If you allocate GPU resources but let the GPU idle for extended periods of time, we will terminate your pod without warning. Furthermore, your access may be permanently restricted. We actively monitor GPU utilization and take action if we detect abuse.
This warning also applies for "guaranteed" CPU or memory quotas.
GPU workload
Similar to the GPU shell, but exit (and de-allocate GPU resources) once the process terminates.
# gpu-workload.yaml
apiVersion: v1
kind: Pod
metadata:
name: gpu-workload
spec:
terminationGracePeriodSeconds: 1
restartPolicy: Never
containers:
- name: app
image: nvcr.io/nvidia/cuda:12.5.0-base-ubuntu22.04
command: ['/bin/bash', '-c', 'nvidia-smi']
resources:
limits:
nvidia.com/gpu: 4
Note the restartPolicy: Never
and the modified command
lines.
$ # create the pod
$ kubectl apply -f gpu-workload.yaml
pod/gpu-workload created
$ # watch the pod start and eventually exit
$ kubectl get -f gpu-workload.yaml --watch
NAME READY STATUS RESTARTS AGE
gpu-workload 1/1 Running 0 6s
gpu-workload 0/1 Completed 0 7s
^C
$ # view logs (standard outputs)
$ kubectl logs gpu-workload --follow
Tue Jun 4 12:14:54 2024
+---------------------------------------------------------------------------------------+
| NVIDIA-SMI 535.161.08 Driver Version: 535.161.08 CUDA Version: 12.5 |
|-----------------------------------------+----------------------+----------------------+
| GPU Name Persistence-M | Bus-Id Disp.A | Volatile Uncorr.
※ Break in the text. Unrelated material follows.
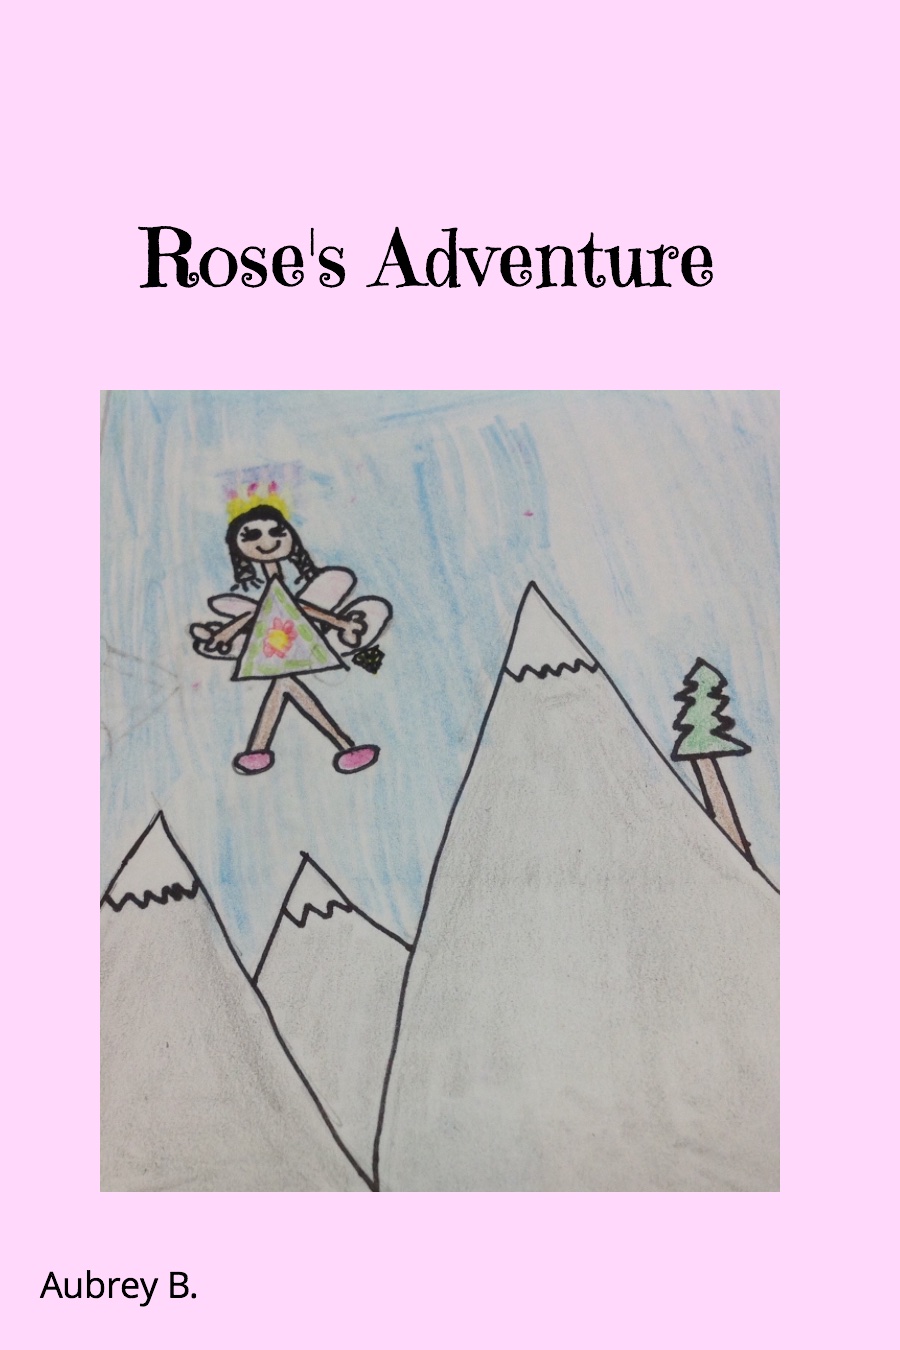 Rose’s Adventure by Aubrey B
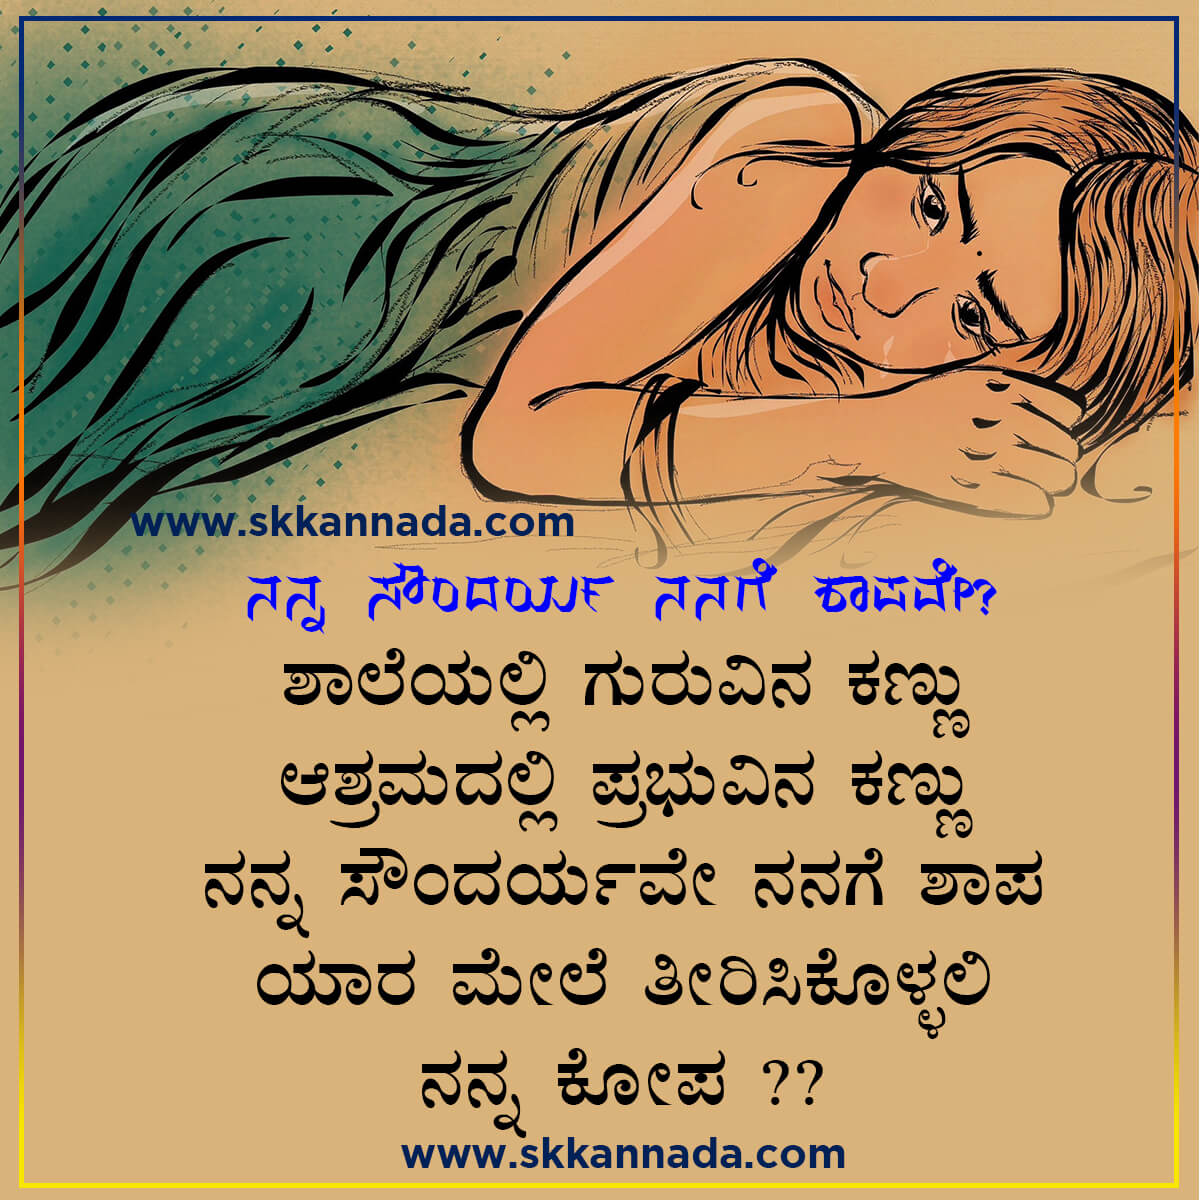 ನನ್ನ ಸೌಂದರ್ಯ ನನಗೆ ಶಾಪವೇ? - Kannada Sad Poetry ...

ECC |
| Fan Temp Perf Pwr:Usage/Cap | Memory-Usage | GPU-Util Compute M. |
| | | MIG M. |
|=========================================+======================+======================|
| 0 NVIDIA A100-SXM4-40GB On | 00000000:07:00.0 Off | 0 |
| N/A 24C P0 53W / 400W | 0MiB / 40960MiB | 0% Default |
| | | Disabled |
+-----------------------------------------+----------------------+----------------------+
| 1 NVIDIA A100-SXM4-40GB On | 00000000:0F:00.0 Off | 0 |
| N/A 22C P0 51W / 400W | 0MiB / 40960MiB | 0% Default |
| | | Disabled |
+-----------------------------------------+----------------------+----------------------+
| 2 NVIDIA A100-SXM4-40GB On | 00000000:B7:00.0 Off | 0 |
| N/A 28C P0 54W / 400W | 0MiB / 40960MiB | 0% Default |
| | | Disabled |
+-----------------------------------------+----------------------+----------------------+
| 3 NVIDIA A100-SXM4-40GB On | 00000000:BD:00.0 Off | 0 |
| N/A 29C P0 61W / 400W | 0MiB / 40960MiB | 0% Default |
| | | Disabled |
+-----------------------------------------+----------------------+----------------------+
+---------------------------------------------------------------------------------------+
| Processes: |
| GPU GI CI PID Type Process name GPU Memory |
| ID ID Usage |
|=======================================================================================|
| No running processes found |
+---------------------------------------------------------------------------------------+
$ # clean up the pod
$ kubectl delete -f gpu-workload.yaml
pod "gpu-workload" deleted
Logs may be truncated to save space, and will be permanently deleted if you delete your pod. If you want to preserve logs, we recommend writing them to a persistent volume.
Completed pods do not use node resources. Still, it is a good idea to clean up completed pods you are no longer using, as they can clutter your namespace and may result in name collisions.